As anticipated the global equity market had a somewhat more volatile month but the FTSE All-World Index finished 1.6% higher. In line with forecasts, and high frequency data, inflation showed a strong rise. The pace of central bank asset purchases is reducing but they continue to add fuel to the heating equity market. During the month, pleasingly we saw a return to outperformance of the quality style and higher dividend stocks generally outperforming the wider market, the FTSE High Dividend All-World Index returned +3.4% well ahead of the FTSE All-World Index return of +1.6%. The Global Equity Income Portfolio benefited from this returning +2.9%. Perhaps this is indicative of investors looking to buckle up for a bumpier journey ahead.
Trading activity was limited during the month.
During the month the portfolio’s best performers were Lloyds Bank +12.7%, Diageo +7.4% and Legal & General +7.1%. Lloyds Bank, who also reported in the previous month, saw increased investor interest. Our investment thesis of the UK economy growing faster than anticipated with the vaccine roll out program looking well advanced and lockdowns ending sooner than generally expected.
The worst performers were AT&T -6.3%, CK Hutchison -2.0%, Admiral -0.8%.
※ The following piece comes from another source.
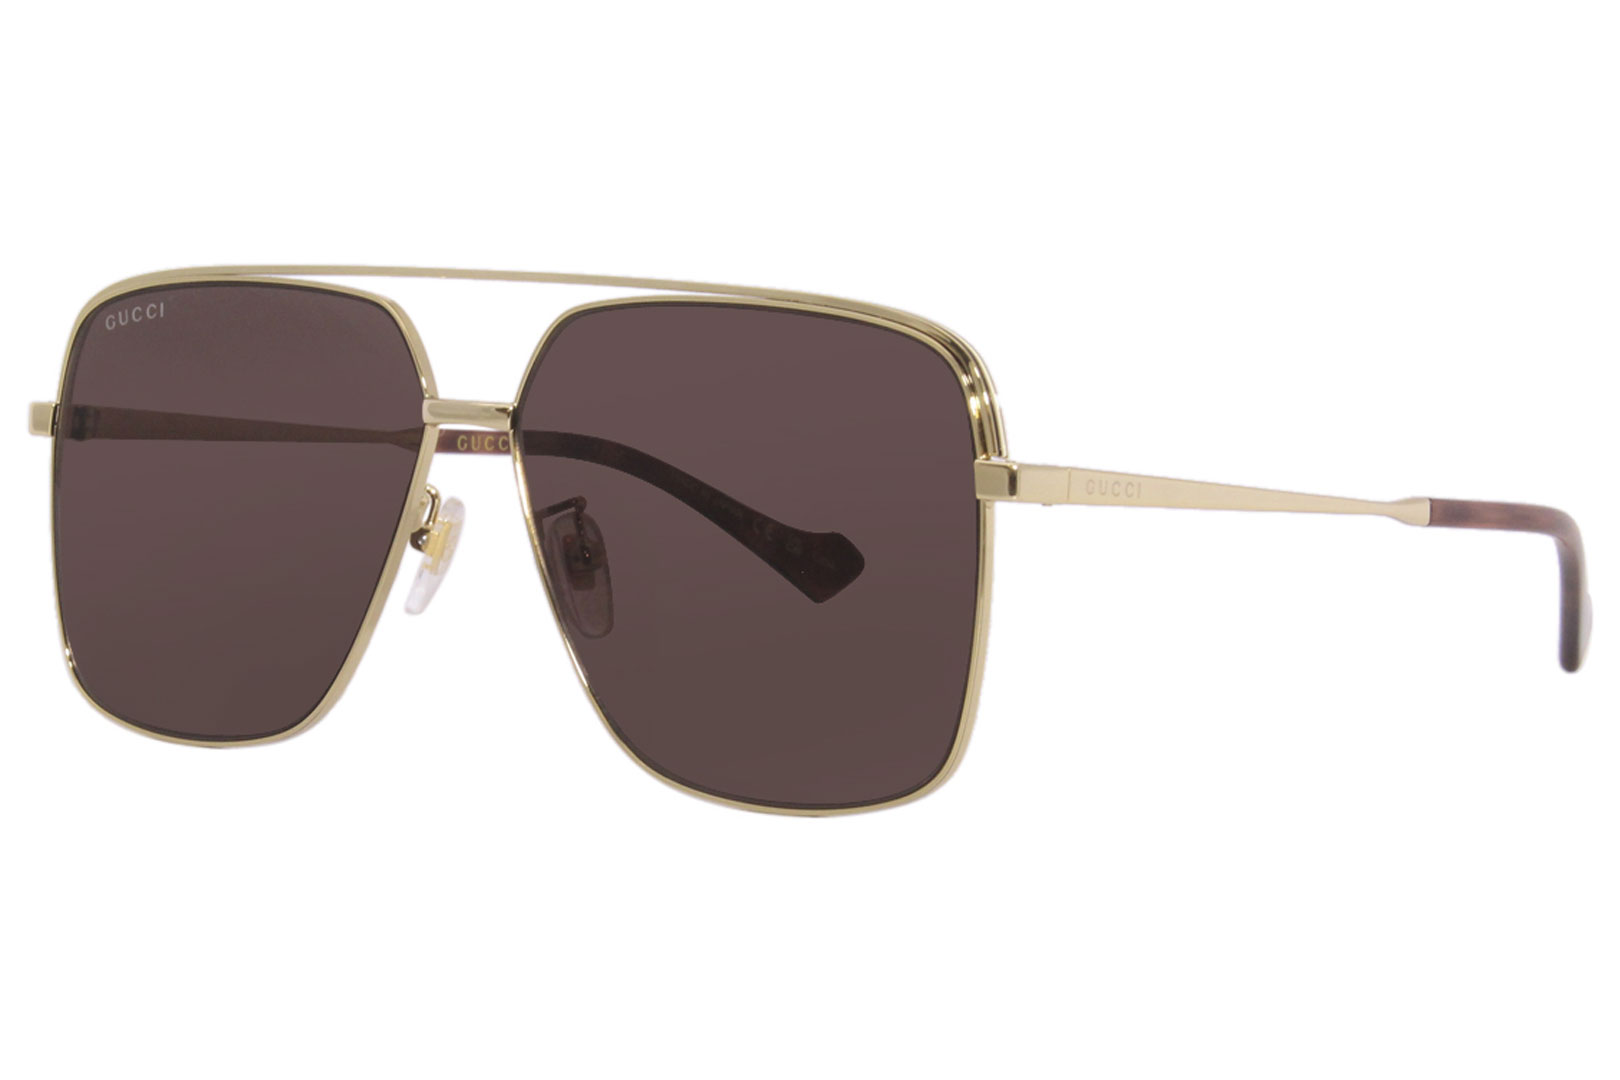 Gucci GG1099SA Sunglasses Men's Pilot | EyeSpecs.com

Our central case continues to be that the rise in inflation is transitory and that we will see lower inflation later this year. If we are wrong and inflation is found to be stubbornly high, then central banks would likely be forced to raise interest rates. This would likely result in a risk-off environment. Earnings growth for equities generally looks impressive however some caution is required in extrapolating this too much, given the unusual comparative base effect of last year’s pandemically induced low earnings for many companies. Given current valuations, looking forwards returns from equities ought to be more modest, and will likely continue to show a high level of volatility.